(Provided records begins)
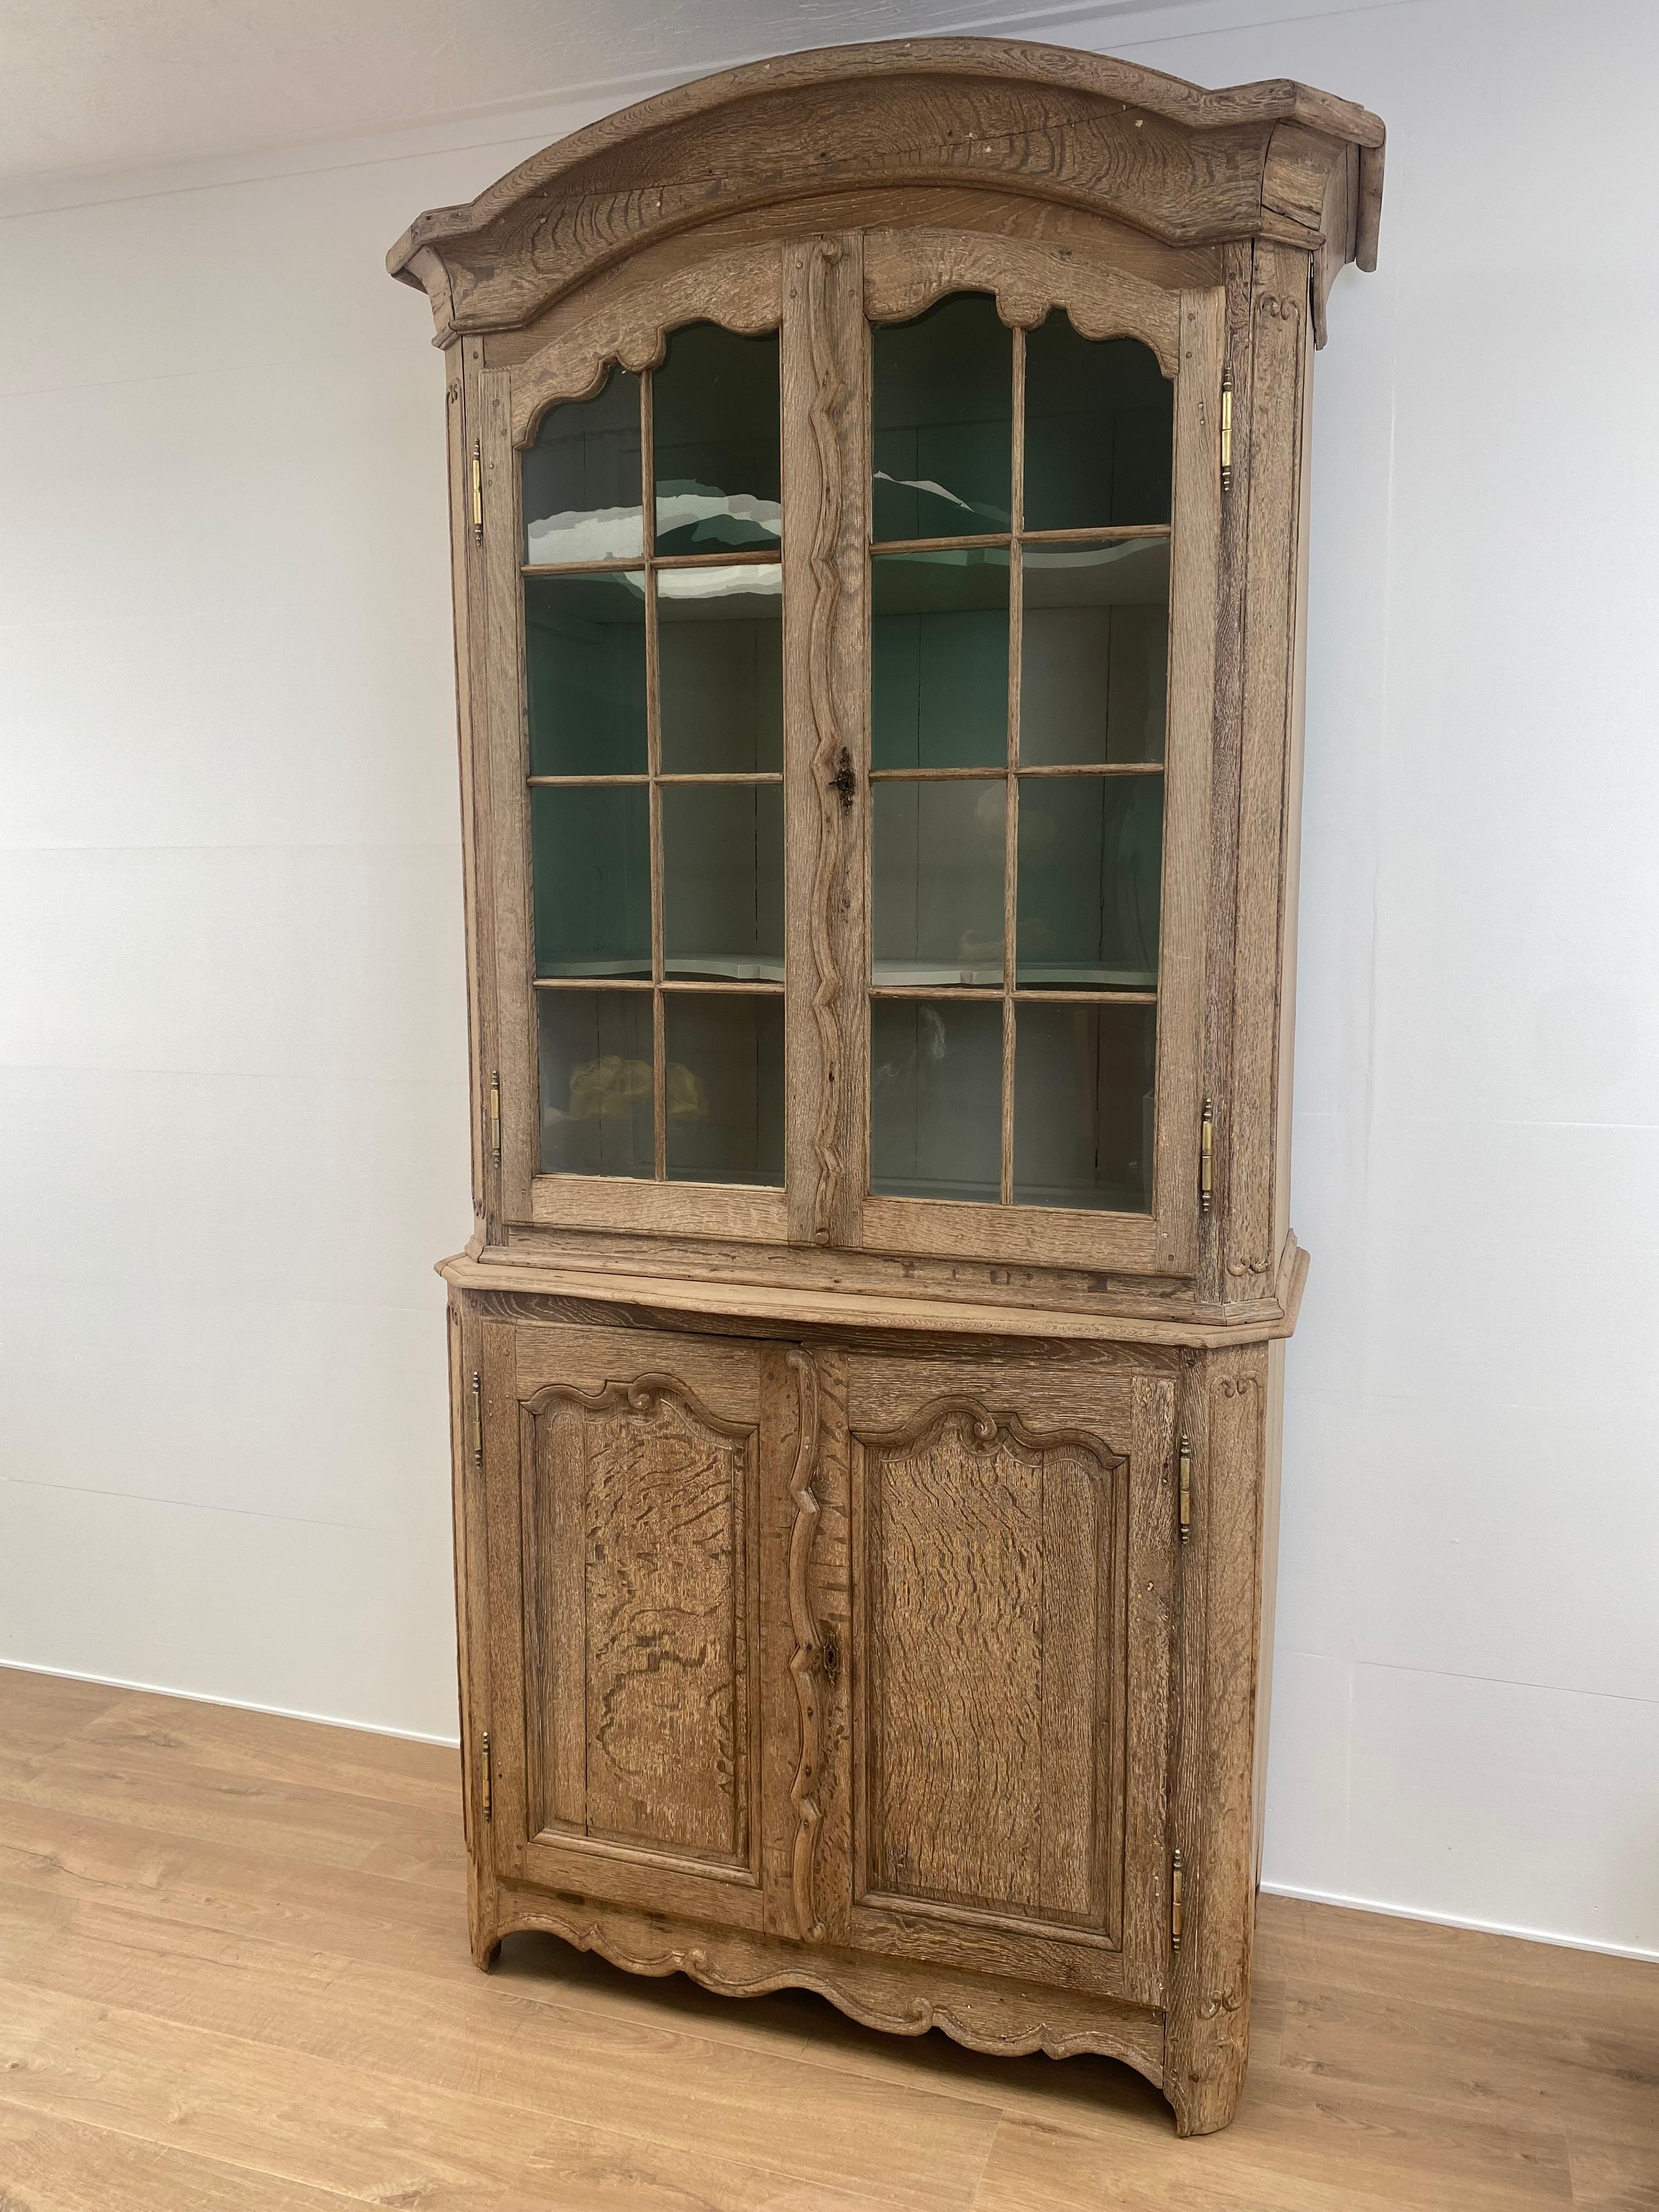 Une belle vitrine flamande ancienne entièrement originale provenant des Flandres,
Chêne blanchi avec verre d'origine,
bel intérieur peint,
idéal à placer dans votre cuisine ou votre salle à manger.
 
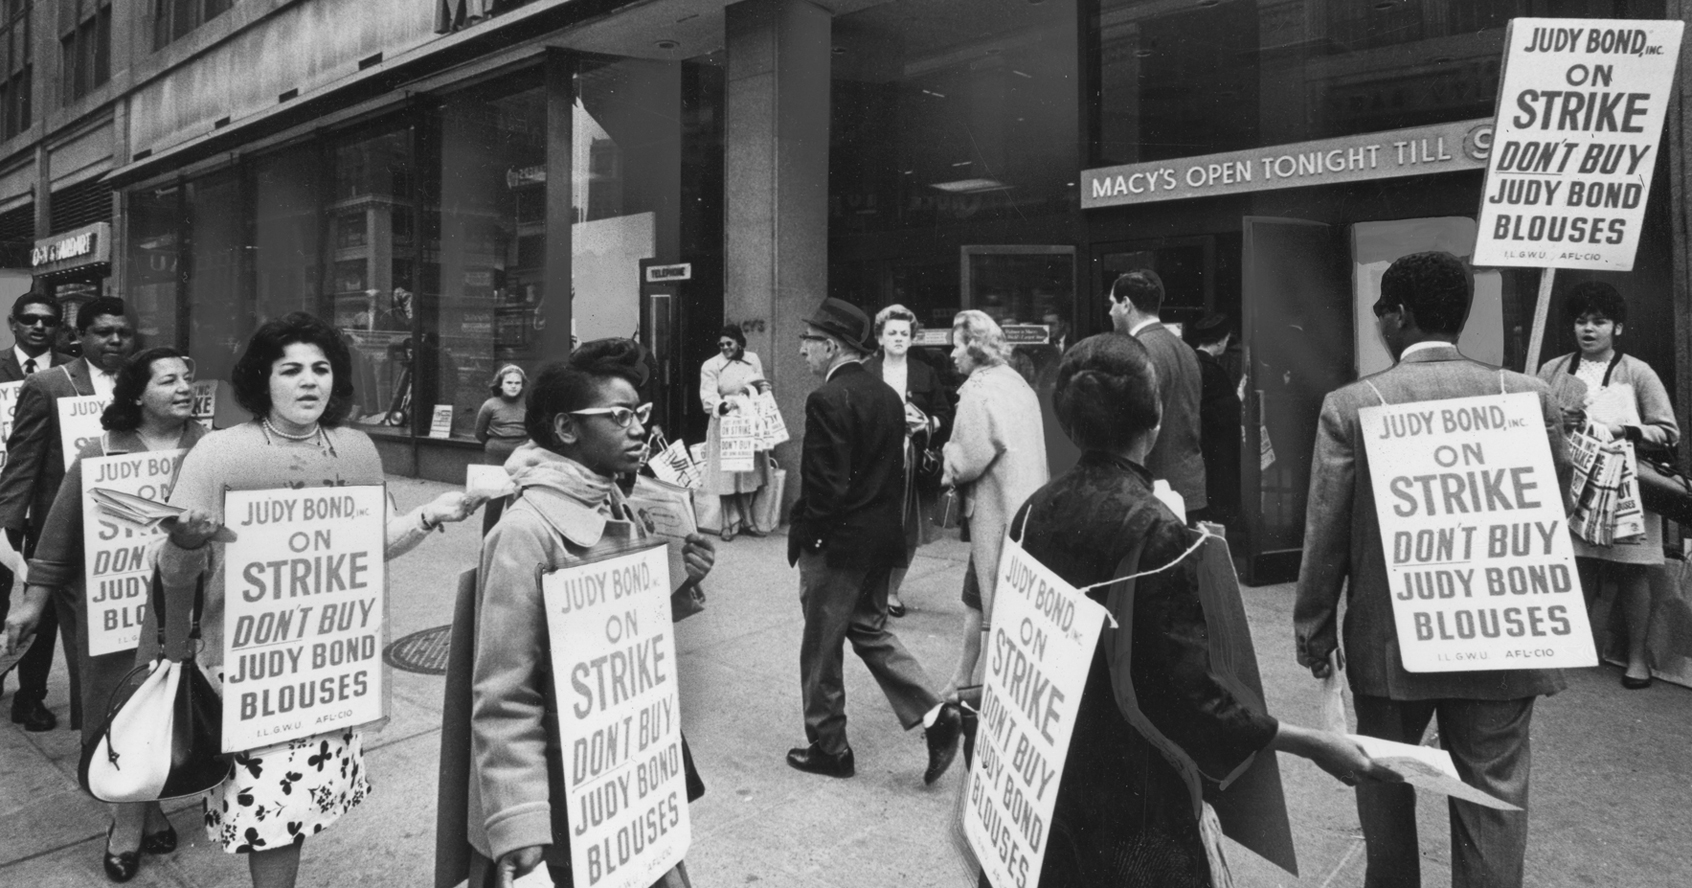 Un grupo de trabajadores en huelga marchan afuera de Macy's mientras llevan carteles que alientan a las personas a no comprar blusas de Judy Bond
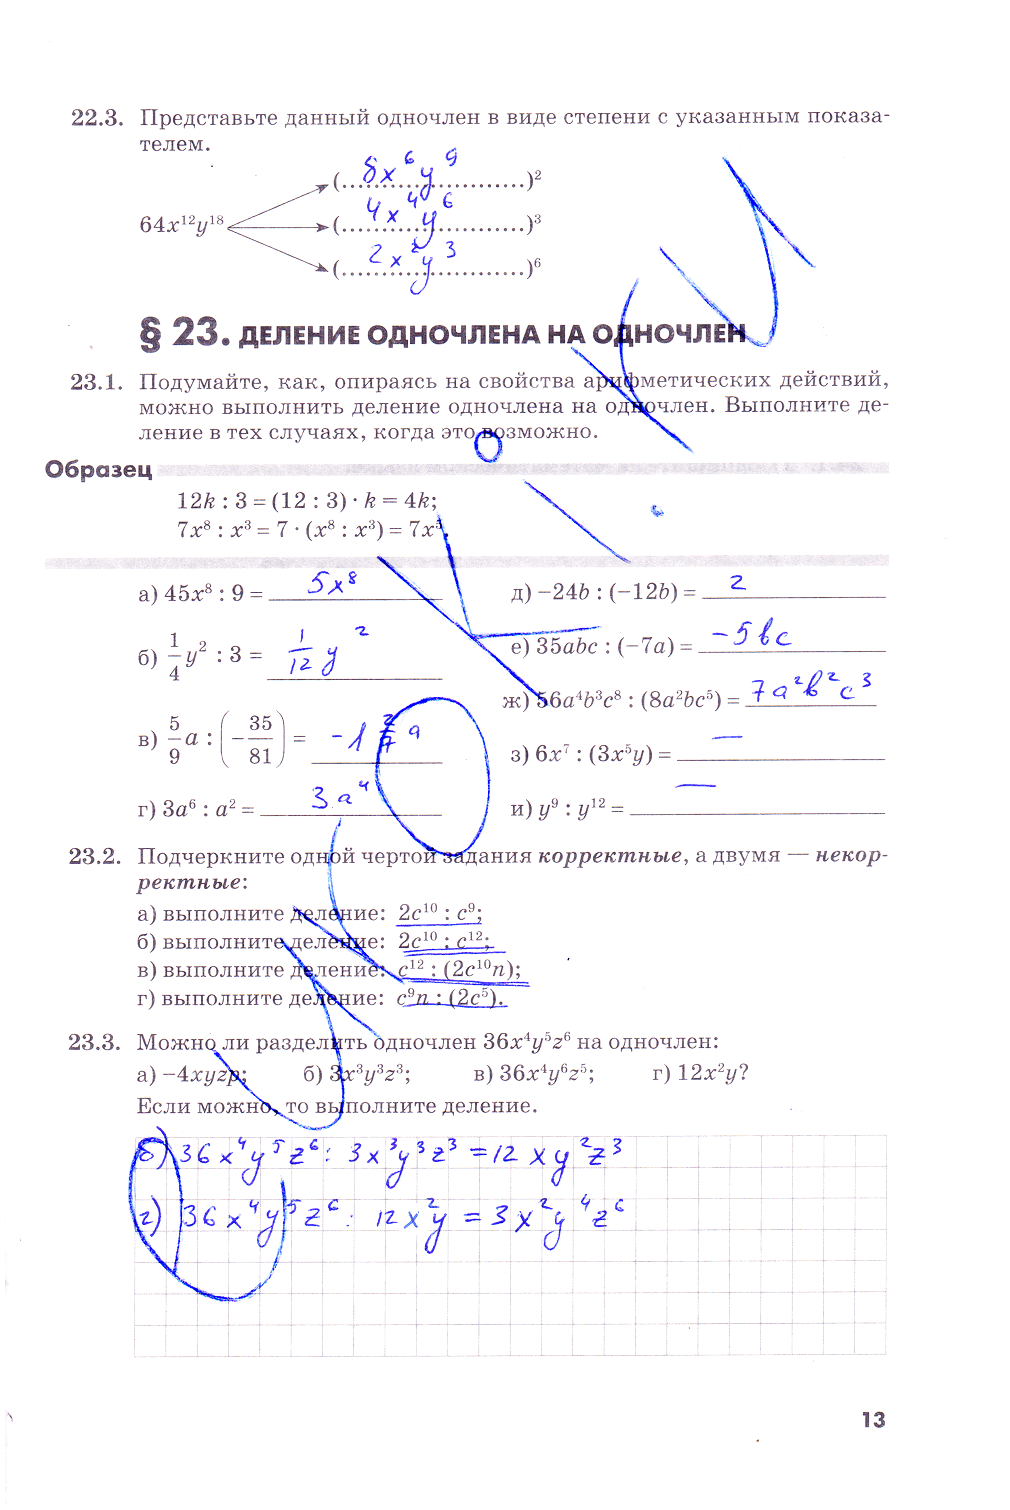 гдз 7 класс рабочая тетрадь часть 2 страница 13 алгебра Зубарева, Мильштейн
(Provided records ends)
» About this task
Without the pictures, print the records in full, exactly as they appear.

» Reply
 Une belle vitrine flamande ancienne entièrement originale provenant des Flandres,
Chêne blanchi avec verre d'origine,
bel intérieur peint,
idéal à placer dans votre cuisine ou votre salle à manger.
 
 Un grupo de trabajadores en huelga marchan afuera de Macy's mientras llevan carteles que alientan a las personas a no comprar blusas de Judy Bond
 гдз 7 класс рабочая тетрадь часть 2 страница 13 алгебра Зубарева, Мильштейн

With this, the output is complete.